> _PROBLEM REQUIREMENTS_:
Please return each record exactly, leaving nothing out.

> _GIVEN RECORDS_:
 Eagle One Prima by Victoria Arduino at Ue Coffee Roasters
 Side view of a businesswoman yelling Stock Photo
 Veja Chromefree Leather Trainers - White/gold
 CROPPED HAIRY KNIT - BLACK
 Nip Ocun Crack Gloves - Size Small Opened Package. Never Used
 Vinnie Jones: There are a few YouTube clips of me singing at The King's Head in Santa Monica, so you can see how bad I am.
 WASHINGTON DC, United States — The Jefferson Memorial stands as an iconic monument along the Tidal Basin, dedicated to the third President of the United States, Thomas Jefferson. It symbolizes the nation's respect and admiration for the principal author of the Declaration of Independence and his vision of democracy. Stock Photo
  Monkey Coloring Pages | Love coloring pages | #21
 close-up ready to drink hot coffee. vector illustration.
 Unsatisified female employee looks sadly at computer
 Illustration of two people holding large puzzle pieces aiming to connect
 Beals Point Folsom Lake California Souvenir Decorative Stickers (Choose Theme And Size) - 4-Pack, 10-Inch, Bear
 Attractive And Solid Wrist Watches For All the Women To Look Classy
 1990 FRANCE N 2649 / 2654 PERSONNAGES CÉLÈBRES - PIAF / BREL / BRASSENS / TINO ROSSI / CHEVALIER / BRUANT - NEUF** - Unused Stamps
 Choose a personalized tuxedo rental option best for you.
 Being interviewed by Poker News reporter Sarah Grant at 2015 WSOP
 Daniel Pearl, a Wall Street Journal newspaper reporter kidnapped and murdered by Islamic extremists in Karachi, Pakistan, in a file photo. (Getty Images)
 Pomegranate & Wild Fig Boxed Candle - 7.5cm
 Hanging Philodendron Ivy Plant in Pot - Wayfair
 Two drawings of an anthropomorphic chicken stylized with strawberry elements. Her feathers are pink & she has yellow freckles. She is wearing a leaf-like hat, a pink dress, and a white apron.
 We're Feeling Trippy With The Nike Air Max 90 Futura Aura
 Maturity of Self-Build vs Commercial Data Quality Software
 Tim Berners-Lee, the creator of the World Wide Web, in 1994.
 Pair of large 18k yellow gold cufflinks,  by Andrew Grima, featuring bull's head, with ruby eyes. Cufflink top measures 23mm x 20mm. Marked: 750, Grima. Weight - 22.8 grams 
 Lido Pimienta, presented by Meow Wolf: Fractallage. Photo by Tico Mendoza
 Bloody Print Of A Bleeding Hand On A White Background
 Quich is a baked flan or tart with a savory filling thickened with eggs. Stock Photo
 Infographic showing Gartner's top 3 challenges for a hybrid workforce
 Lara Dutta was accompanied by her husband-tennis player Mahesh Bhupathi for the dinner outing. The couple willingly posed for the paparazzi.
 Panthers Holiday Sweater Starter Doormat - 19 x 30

> _RESPONSE_:
 Eagle One Prima by Victoria Arduino at Ue Coffee Roasters
 Side view of a businesswoman yelling Stock Photo
 Veja Chromefree Leather Trainers - White/gold
 CROPPED HAIRY KNIT - BLACK
 Nip Ocun Crack Gloves - Size Small Opened Package. Never Used
 Vinnie Jones: There are a few YouTube clips of me singing at The King's Head in Santa Monica, so you can see how bad I am.
 WASHINGTON DC, United States — The Jefferson Memorial stands as an iconic monument along the Tidal Basin, dedicated to the third President of the United States, Thomas Jefferson. It symbolizes the nation's respect and admiration for the principal author of the Declaration of Independence and his vision of democracy. Stock Photo
  Monkey Coloring Pages | Love coloring pages | #21
 close-up ready to drink hot coffee. vector illustration.
 Unsatisified female employee looks sadly at computer
 Illustration of two people holding large puzzle pieces aiming to connect
 Beals Point Folsom Lake California Souvenir Decorative Stickers (Choose Theme And Size) - 4-Pack, 10-Inch, Bear
 Attractive And Solid Wrist Watches For All the Women To Look Classy
 1990 FRANCE N 2649 / 2654 PERSONNAGES CÉLÈBRES - PIAF / BREL / BRASSENS / TINO ROSSI / CHEVALIER / BRUANT - NEUF** - Unused Stamps
 Choose a personalized tuxedo rental option best for you.
 Being interviewed by Poker News reporter Sarah Grant at 2015 WSOP
 Daniel Pearl, a Wall Street Journal newspaper reporter kidnapped and murdered by Islamic extremists in Karachi, Pakistan, in a file photo. (Getty Images)
 Pomegranate & Wild Fig Boxed Candle - 7.5cm
 Hanging Philodendron Ivy Plant in Pot - Wayfair
 Two drawings of an anthropomorphic chicken stylized with strawberry elements. Her feathers are pink & she has yellow freckles. She is wearing a leaf-like hat, a pink dress, and a white apron.
 We're Feeling Trippy With The Nike Air Max 90 Futura Aura
 Maturity of Self-Build vs Commercial Data Quality Software
 Tim Berners-Lee, the creator of the World Wide Web, in 1994.
 Pair of large 18k yellow gold cufflinks,  by Andrew Grima, featuring bull's head, with ruby eyes. Cufflink top measures 23mm x 20mm. Marked: 750, Grima. Weight - 22.8 grams 
 Lido Pimienta, presented by Meow Wolf: Fractallage. Photo by Tico Mendoza
 Bloody Print Of A Bleeding Hand On A White Background
 Quich is a baked flan or tart with a savory filling thickened with eggs. Stock Photo
 Infographic showing Gartner's top 3 challenges for a hybrid workforce
 Lara Dutta was accompanied by her husband-tennis player Mahesh Bhupathi for the dinner outing. The couple willingly posed for the paparazzi.
 Panthers Holiday Sweater Starter Doormat - 19 x 30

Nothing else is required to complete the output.